# Introduction to R Programming

R is a programming language and software environment for statistical analysis, graphics representation and reporting.

- The core of R is an interpreted computer language which allows branching and looping as well as modular programming using functions.
- R allows integration with the procedures written in the C, C++, .Net, Python or FORTRAN languages for efficiency.

R is freely available under the GNU General Public License, and pre-compiled binary versions are provided for various operating systems like Linux, Windows and Mac.

# Evolution of R

R was initially written by Ross Ihaka and Robert Gentleman at the Department of Statistics of the University of Auckland in Auckland, New Zealand. R made its first appearance in 1993.

- A large group of individuals has contributed to R by sending code and bug reports.
- Since mid-1997 there has been a core group (the "R Core Team") who can modify the R source code archive.

# Features of R

As stated earlier, R is a programming language and software environment for statistical analysis, graphics representation and reporting. The following are the important features of R −

- R is a well-developed, simple and effective programming language which includes conditionals, loops, user defined recursive functions and input and output facilities.
- R has an effective data handling and storage facility,
- R provides a suite of operators for calculations on arrays, lists, vectors and matrices.
- R provides a large, coherent and integrated collection of tools for data analysis.
- R provides graphical facilities for data analysis and display either directly at the computer or printing at the papers.

As a conclusion, R is world’s most widely used statistics programming language.

**Note**
After installing R on your respected platforms; To install _packages in R_ use the following command in R prompt.
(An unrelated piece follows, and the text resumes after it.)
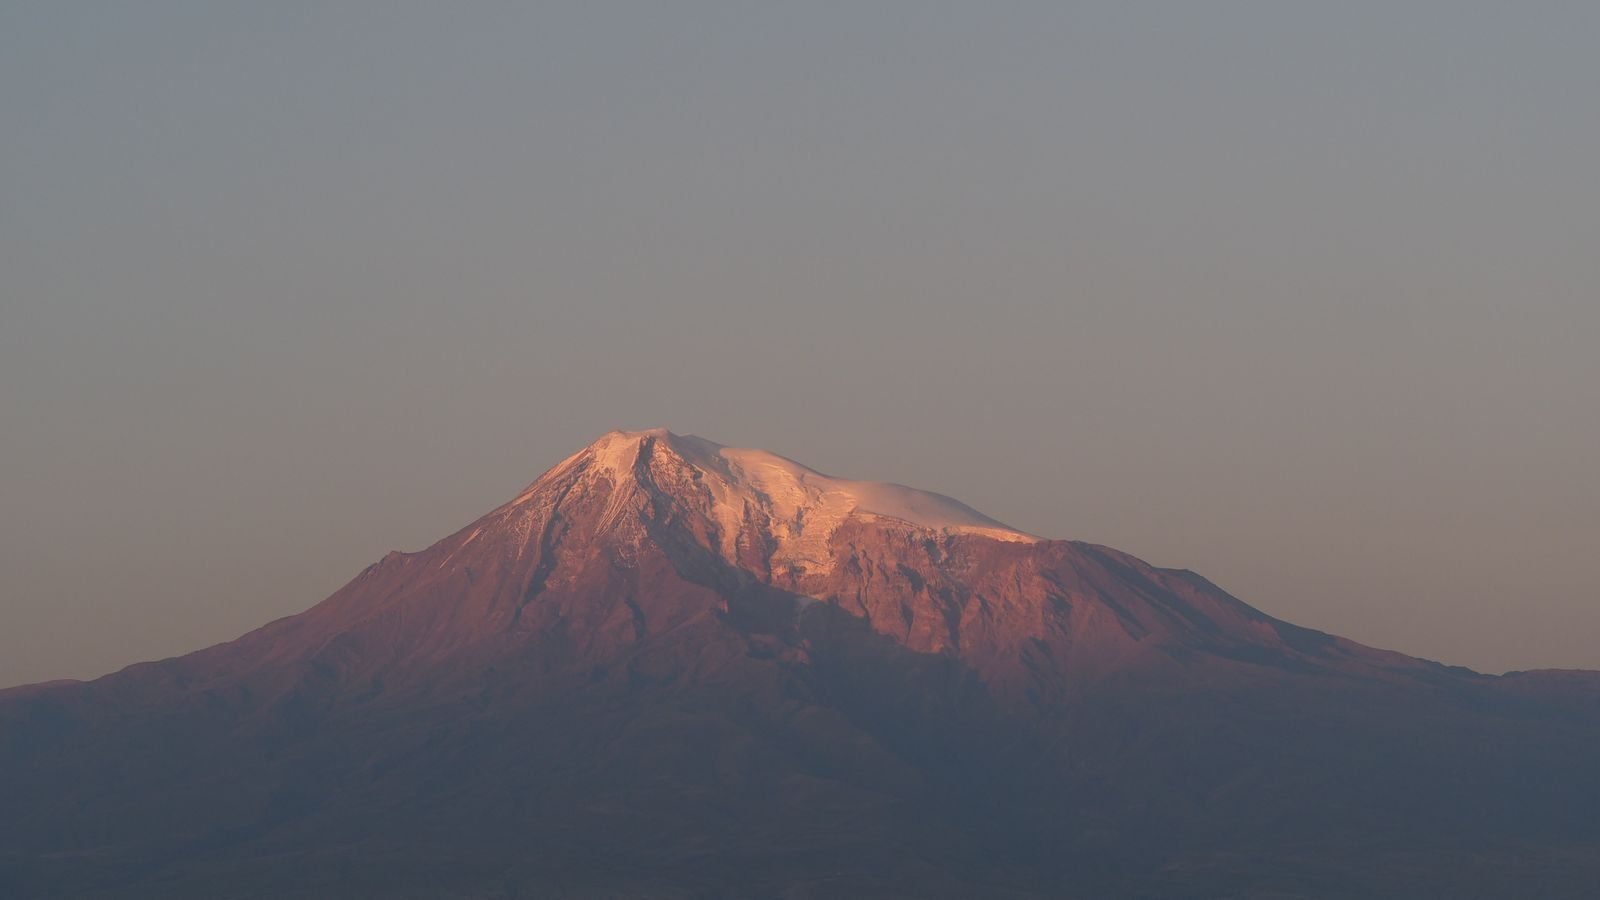 Radreise Armenien - Ararat 5.137 m

`install.packages("package_name")`

As a convention, we will start learning R programming by writing a "Hello, World!" program.
Depending on the needs, you can program either at R command prompt or you can use an R script file to write your program. Let's check both one by one.

# R Command Prompt

Once you have R environment setup, then it’s easy to start your R command prompt by just typing the following command at your command prompt −

`R`

This will launch R interpreter and you will get a prompt > where you can start typing your program as follows −


In [None]:
myString <- "Hello WOrld!"
print(myString)

Here first statement defines a string variable myString, where we assign a string "Hello, World!" and then next statement print() is being used to print the value stored in variable myString.

# R Script File

Usually, you will do your programming by writing your programs in script files and then you execute those scripts at your command prompt with the help of R interpreter called **Rscript**.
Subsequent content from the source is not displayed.